- INFORMATION PROVIDED:

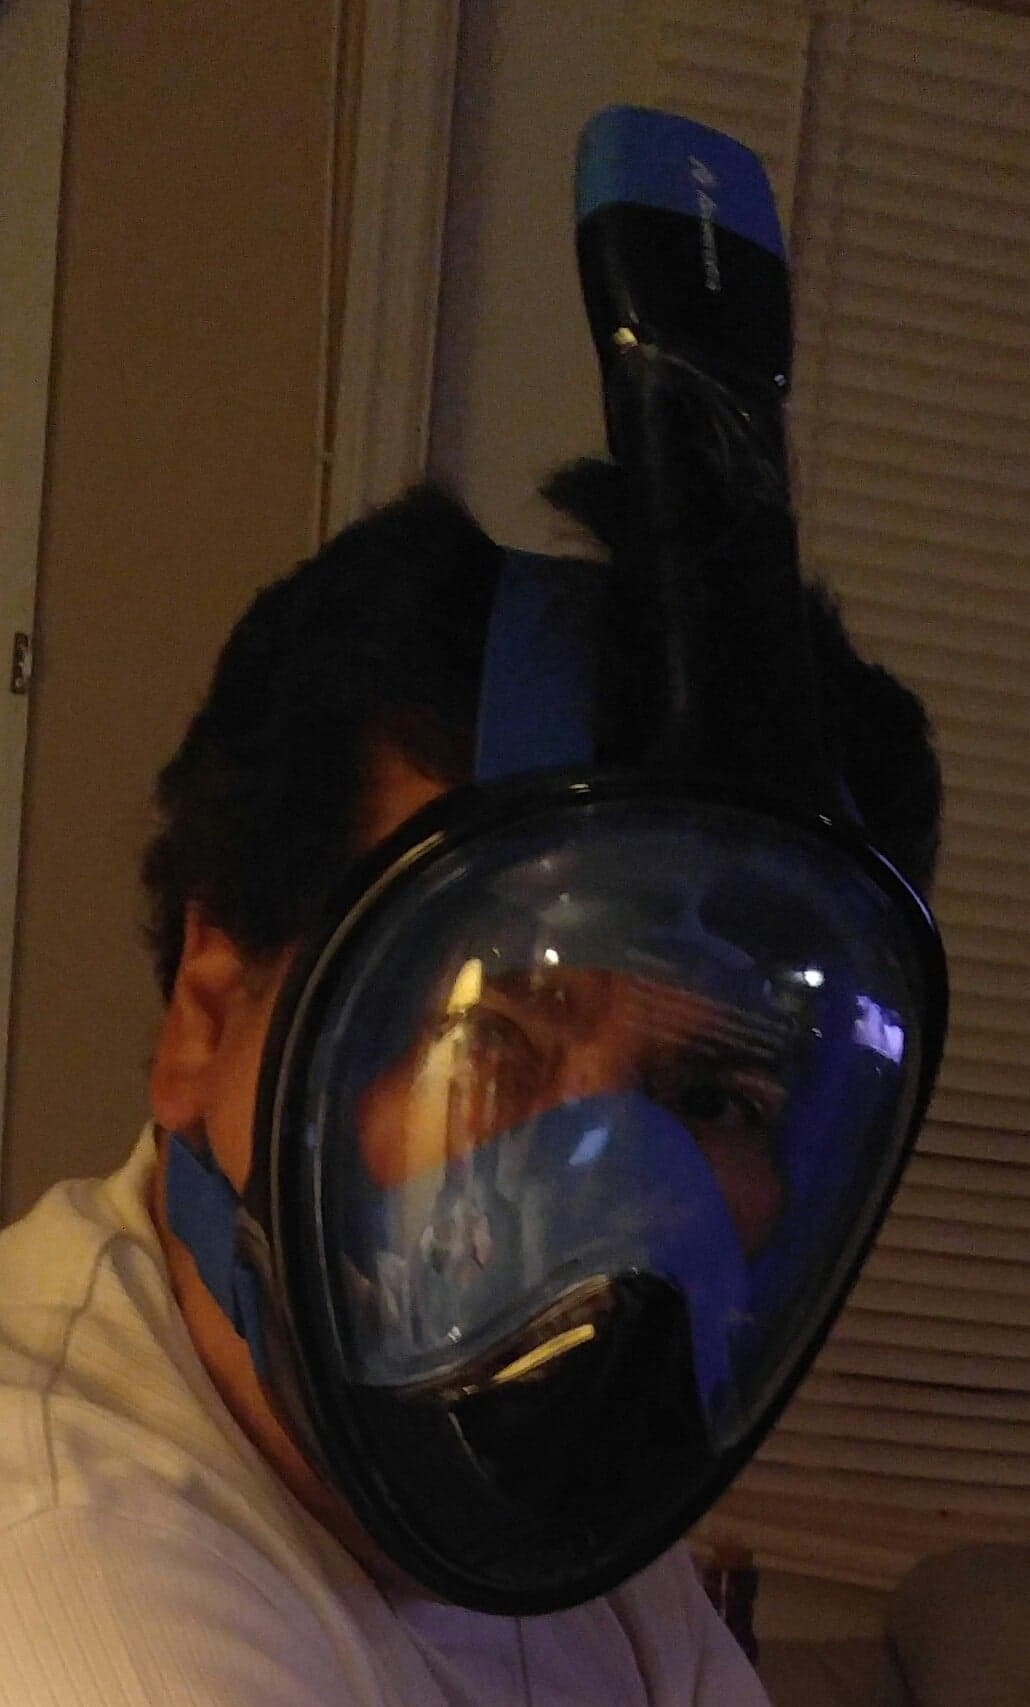 Snorkel mask 180°
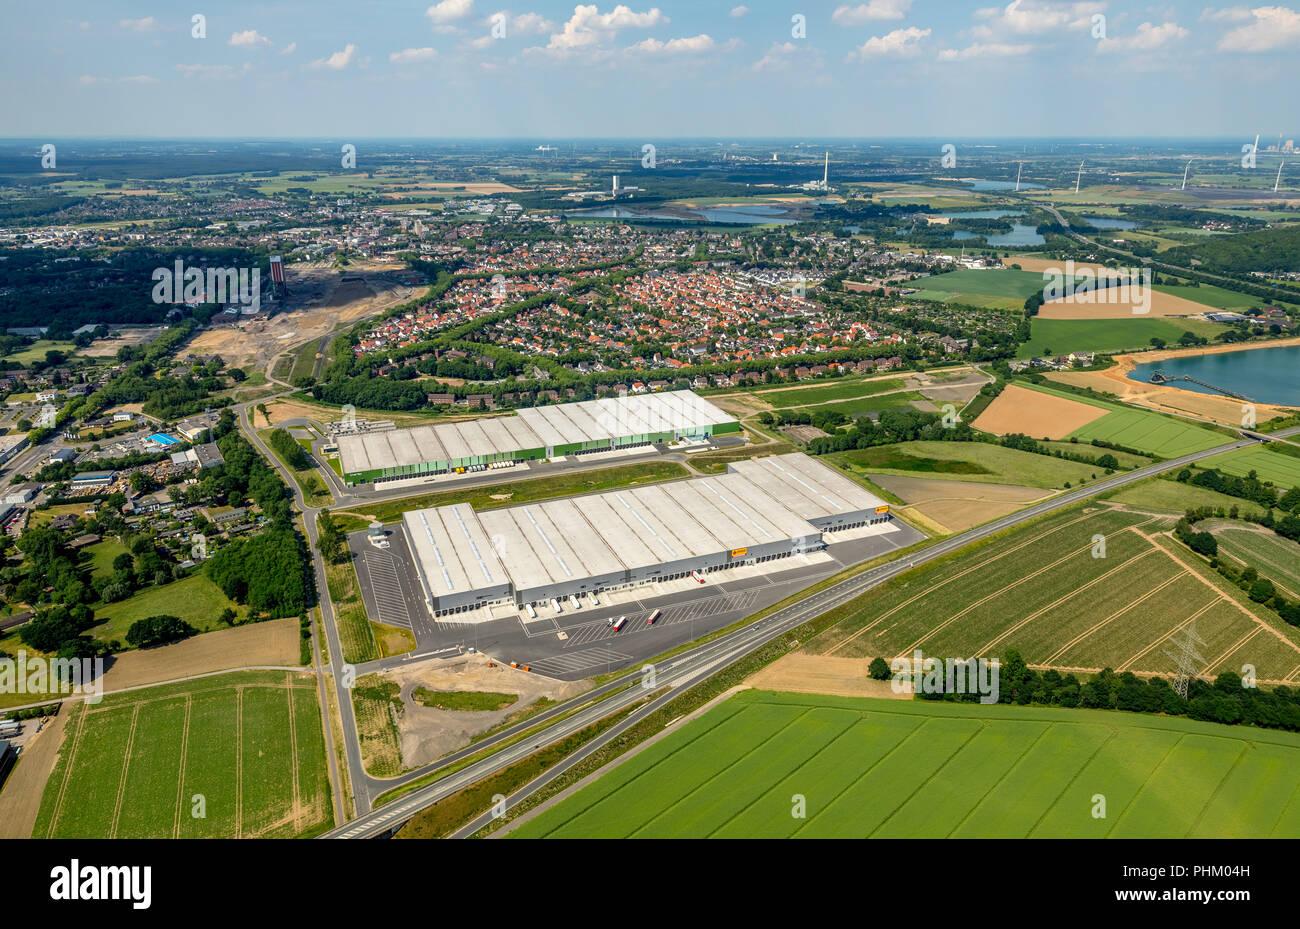 Aerial view, logistics location Logport 6 in Kamp-Lintfort, former coal storage site, belongs to Duisport - Duisburger Hafen, warehouses for truck han - Stock Image
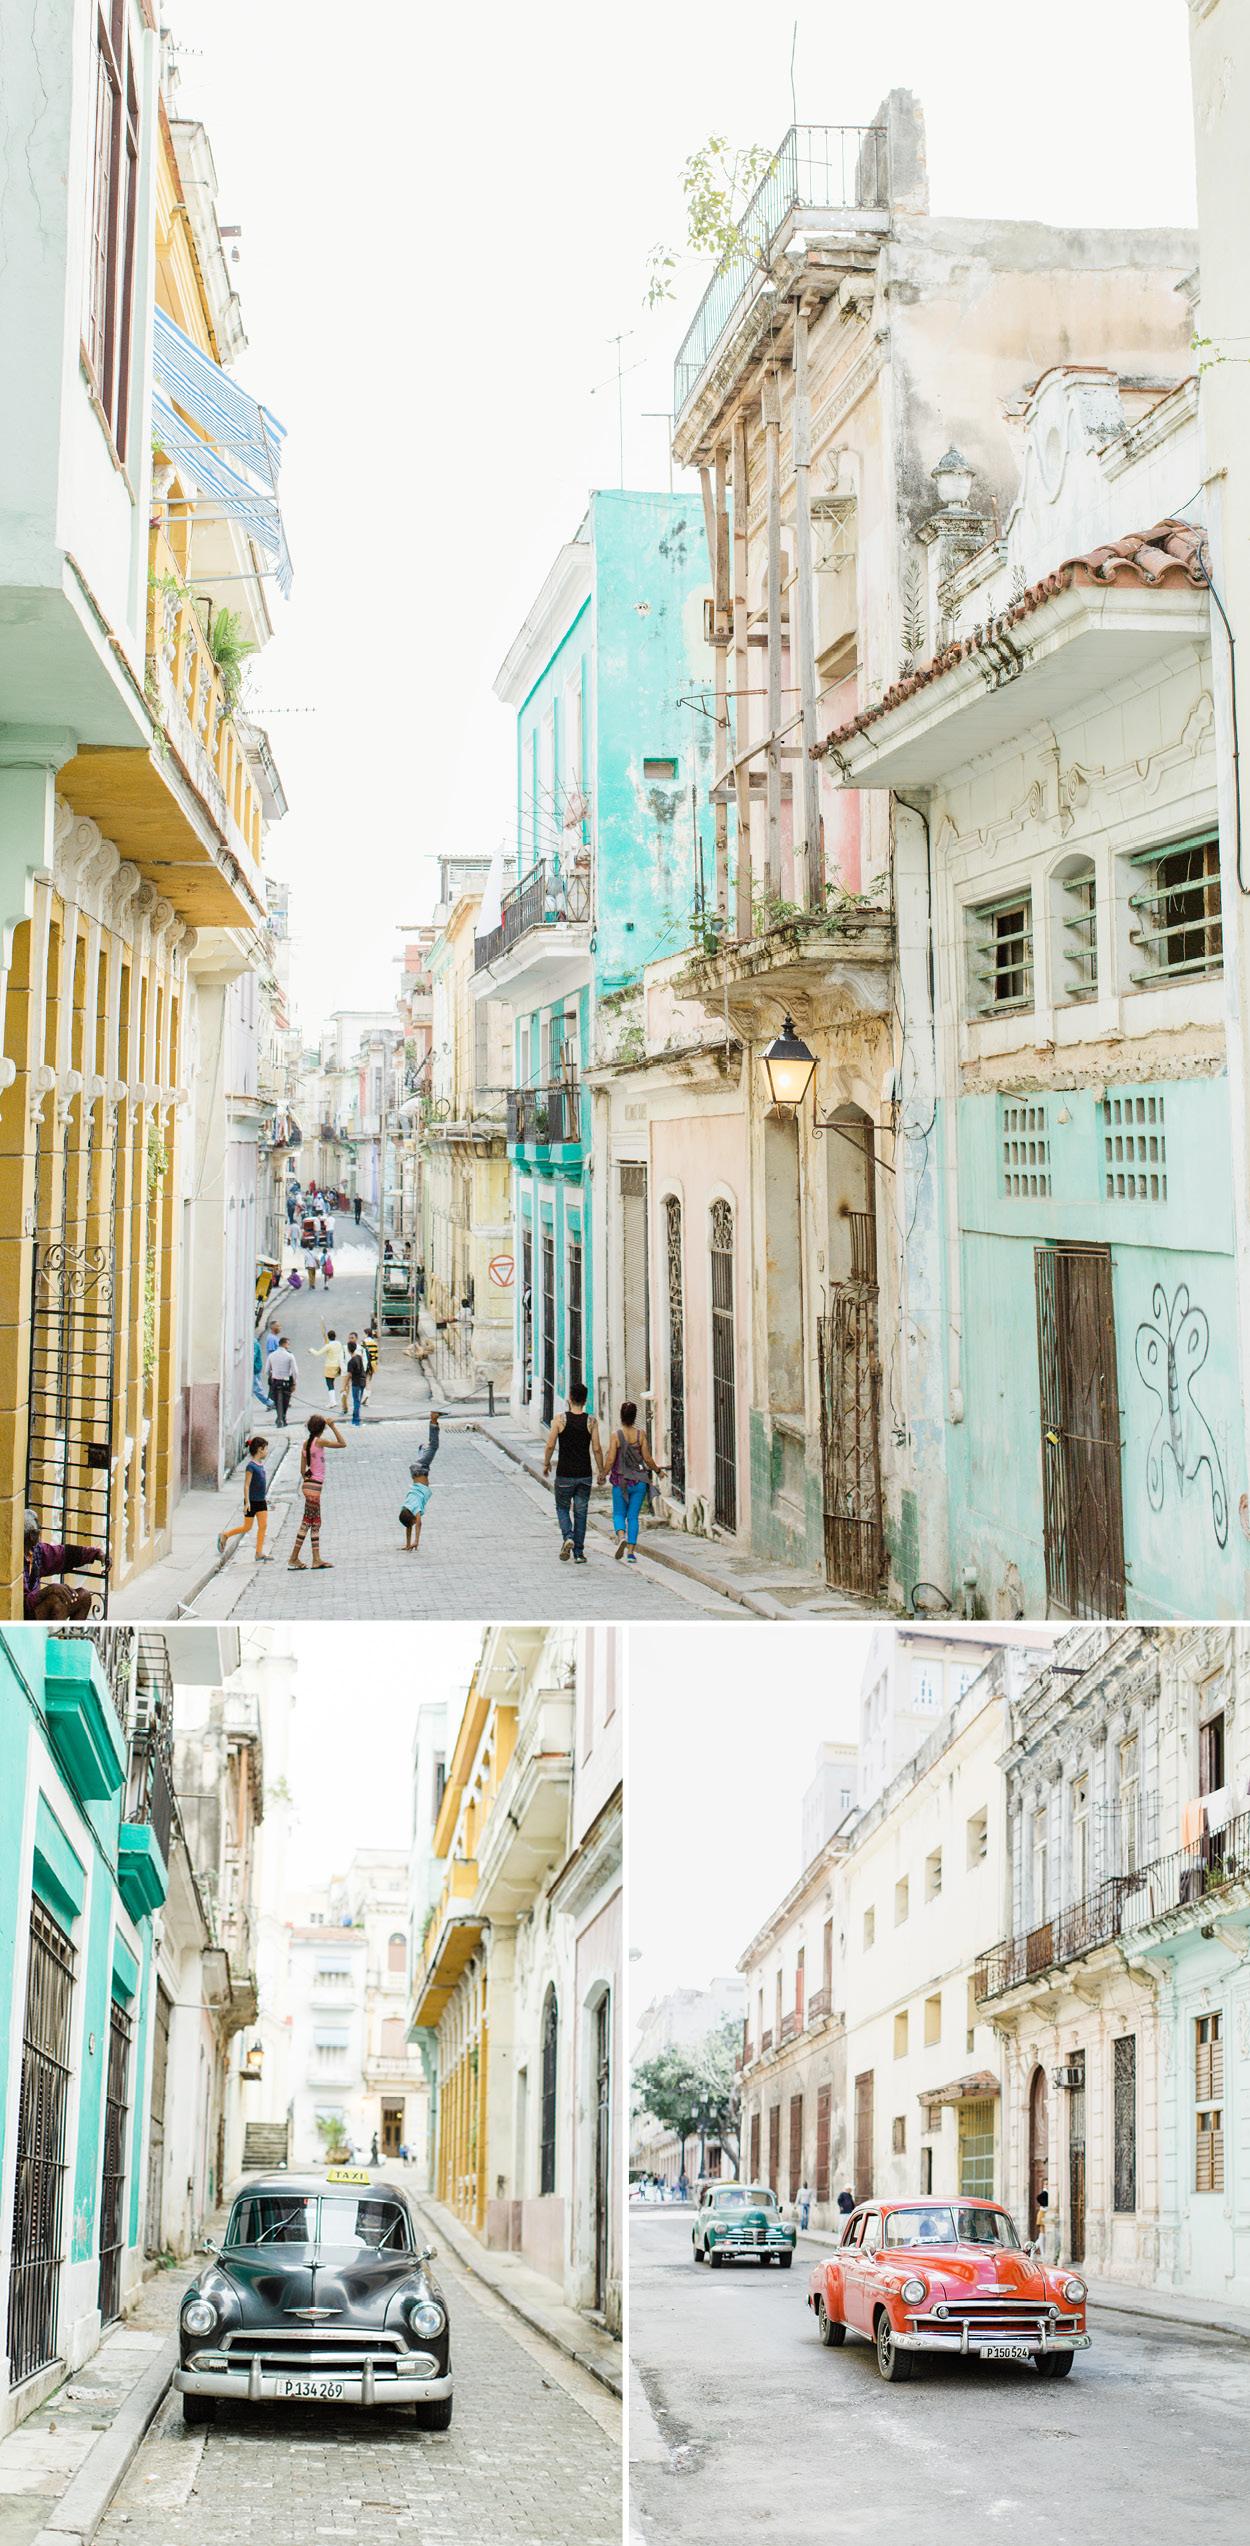 MatthewRee_Cuba_1_004.jpg

- TASK PROMPT: Print exactly the span of lines that begins with the line containing "Aerial view, logistics" and ends with the last line of the listing, with no pictures.

- ANSWER SPACE:
 Aerial view, logistics location Logport 6 in Kamp-Lintfort, former coal storage site, belongs to Duisport - Duisburger Hafen, warehouses for truck han - Stock Image
 MatthewRee_Cuba_1_004.jpg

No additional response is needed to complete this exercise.